Thursday, June 26, 2014

Synagogue services

A dream:

I told my mother (but she wasn’t tall and thin like my mother; rather, she was shorter and rounder): “I need to go somewhere.”

She said, "All right.”

Then I was in a motel. I had little money. I took a long, hot shower. I called a cab company. "I need to go to the synagogue," I said. The cab picked me up. I sat in the front seat. The driver asked questions, but I don’t remember them. He gave me advice, but I don’t remember any of it.

The cab arrived at the synagogue. No one was standing outside. The driver said he would be back when services were over.

I went through glass doors and into the foyer. From my right, someone slapped a yarmulke into my hand. The yarmulke was small and had a thin elastic string that fit beneath the neck and had what looked like a black lace bow in the top center. I don’t remember if I put on the yarmulke.

Light was dim in the main room. The room was wider than it was long. There were several rows of pews. One set of pews -- five rows and to my right -- were perpendicular to the other pews. Ten or 12 young men sat in those pews, facing to my right. An older man taught the young men. The remaining pews -- facing front -- were filled with men, women and children together.

A man to my right handed a white garment to me. At first I thought it was a shirt, but it was more than a shirt. The man said I should take off my shirt and put on the white garment. I wore a black pullover shirt. I took it off and put it on an empty back pew, then put the white garment over my shoulders. The garment was of heavy fabric, similar to a light cotton canvas, and not bridal white, but more of a creamy white. The garment went to below my knees. (I wore blue jeans.)

A woman to my left asked if I could hear what the older man was saying to the younger men in the pews to our right. I said, "I hear a sound, but I can’t hear the words." She said she couldn’t hear any words, either.

A short time later, services ended. Someone said I should go through a door to the right. I did. A long line of teenage girls and boys were in the hall, walking toward the door I came through.

I went to the back of the synagogue. I looked for a bathroom. There were white cardboard signs with hand-written letters and numbers -- “1609” “C-1202,” but none labeled “Men’s Room.”

I went back up the hall and asked a man where the bathroom was. He said it was in the direction I came from, three doors down on the left. I went where he said. The designated door led to a room with many tables and small electric motors. I did not find a bathroom, so I went to the front of the hall. The cab driver was talking with two congregants of the synagogue. The driver then went into the main room and sat in a pew.
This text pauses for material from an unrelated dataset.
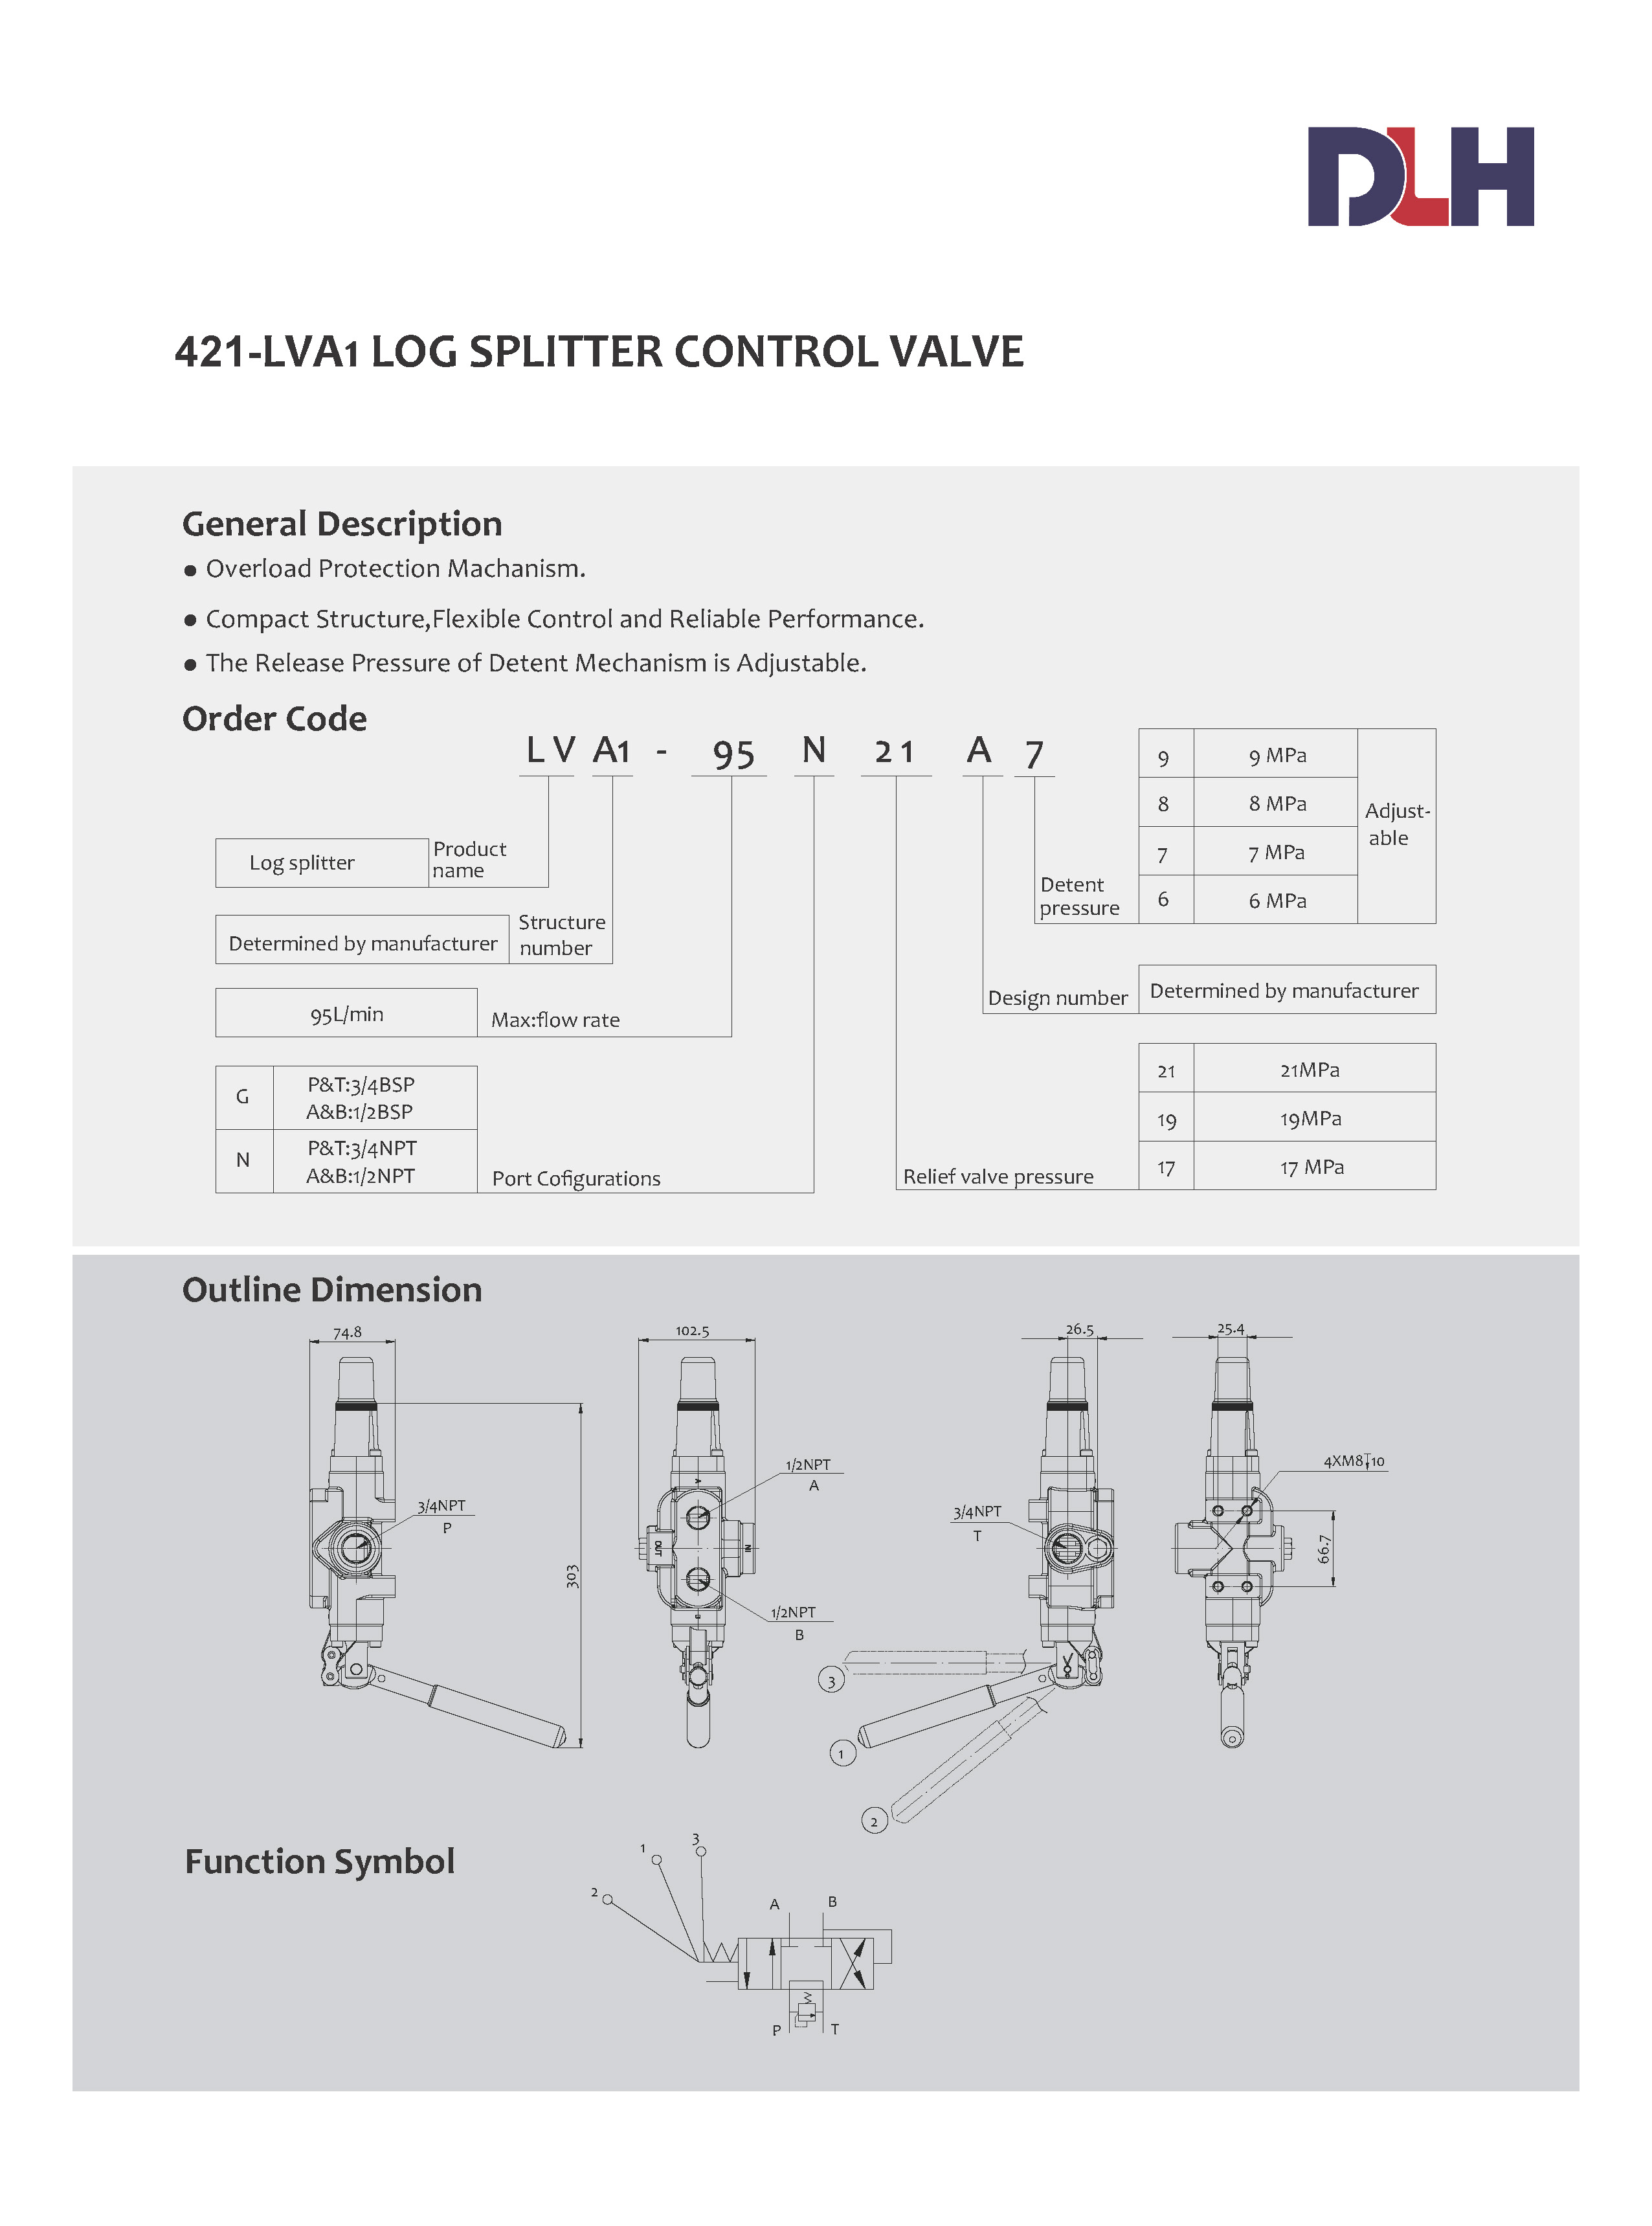 LVA1 Log Splitter Control Valves

I went outside and found hundreds of people in a wide grassy area with tall trees left of the synagogue. A woman asked if I needed help. I said, “I can’t find my car.” The woman asked what kind of car I had. “A black 1954 Ford,” I said.

I walked around, looking for the car. I passed in front of an eight-foot drop-off, lined with brick, and that divided the grassy area into a high part and a lower part. People sat on the grass and in the shade of trees above the wall. In the lower area, several dozen young women and young men appeared and began a dance.

Four young men approached. One said, “You are looking for your car.” I said I was. He said, “My friend says your license is about to expire. And, one of the tires will go flat in about seven days.” He wrinkled his nose. “And, you really should wash the car.” Woke up.